Authors: Xenia Girdler, VIC and Geoffrey Lohmeyer, NT
Year: 2012
Event: 2012 TheMHS Conference
Subject: Northern territory, COMORBIDITY, INDIGENOUS PEOPLE, RURAL, recommended reading
Type of resource: Conference Presentations and Papers
ISBN: 978-0-9757653-8-8
Abstract: In August, 2012, RMIT and Sunrise Health Service, co-presented a symposium, exploring how it is RMIT, a university predominately situated in Melbourne, Australia, has come to join forces with a Northern Territory-based Aboriginal Health Corporation and now travels up to Katherine – in the NT - once a month to deliver the Diploma of Community Services – AOD and mental health – to a variety of workers across the greater Katherine Region.

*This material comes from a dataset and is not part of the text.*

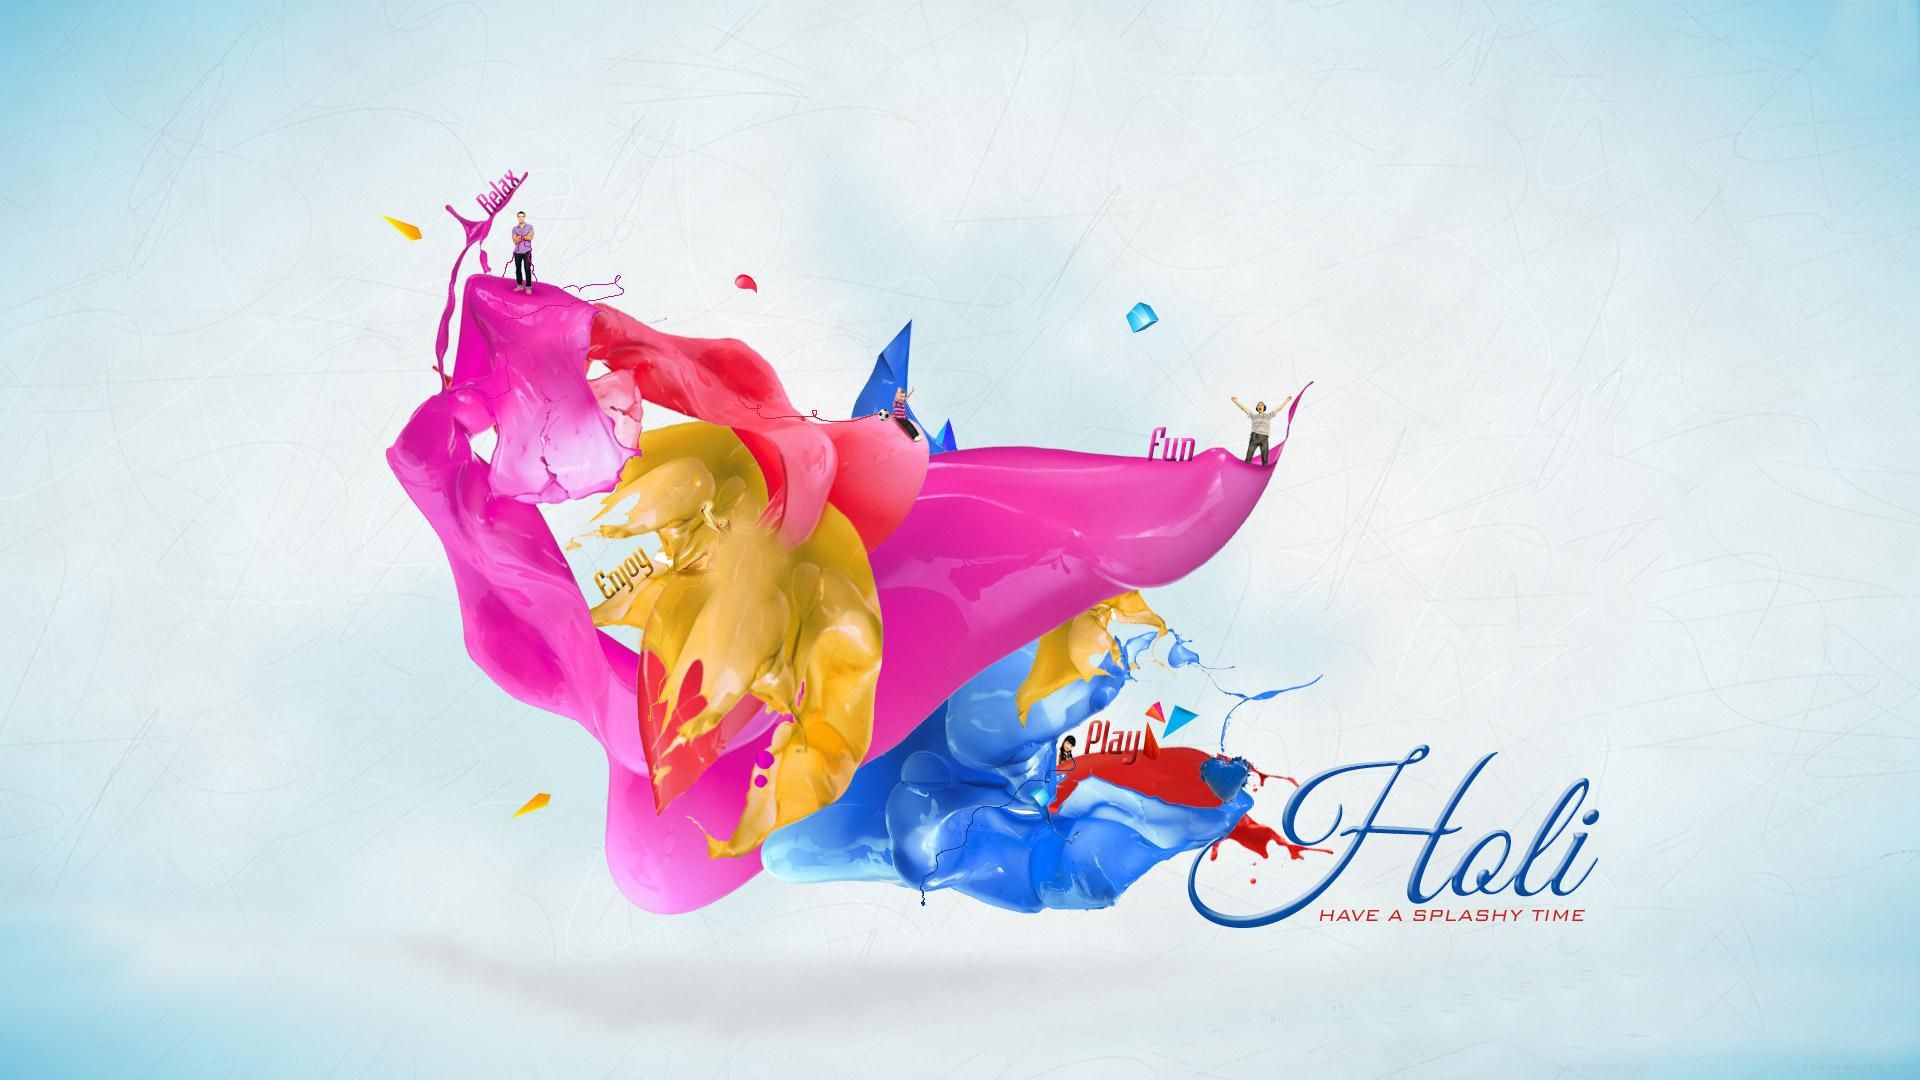 Download Holi HD wallpaper for samsung phones wallpaper and image for your mobile cell phone
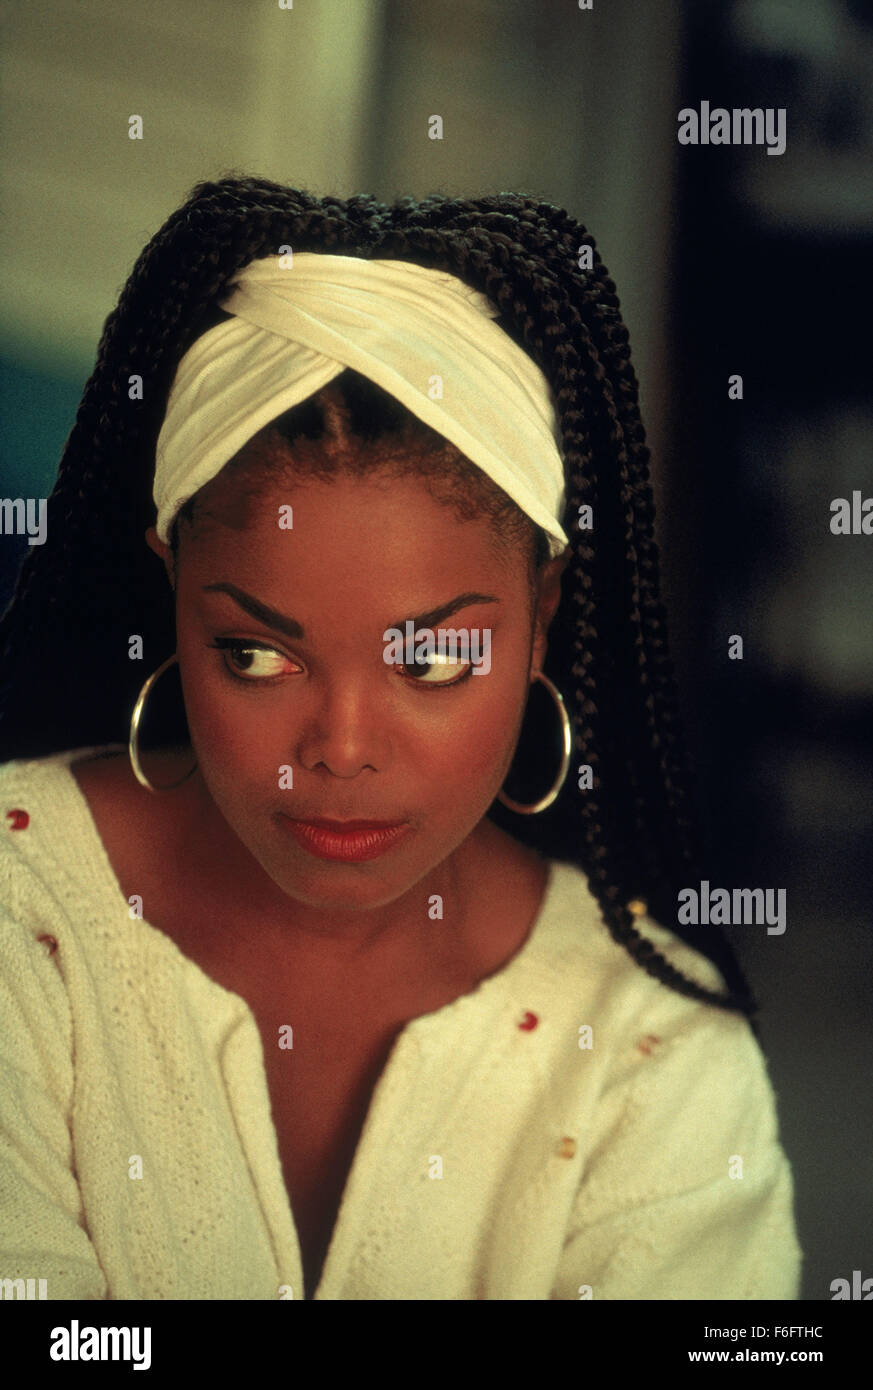 RELEASE DATE: 23 July 1993. MOVIE TITLE: Poetic Justice. STUDIO: Columbia Pictures Corporation. PLOT: In this film, we see the world through the eyes of main character Justice, a young African-American poet. PICTURED: JANET JACKSON as Justice. Stock Photo

This symposium examined how we designed the course to ensure it resonated with workers and learners undertaking it and how, with a contextualised curriculum, we have been able to draw parallels between Recovery – as we understand it in the non-clinical mental health sector in Australia - and Aboriginal connection to country and law. How this connection to country sits along side recovery and how workers within the Aboriginal Health Network have made sense of that and applied it to their work – with the ultimate aim of course being to improve their ability to provide quality service to a very complex client group. Complex for a variety of reasons - which we explored during our symposium and will outline in this paper now.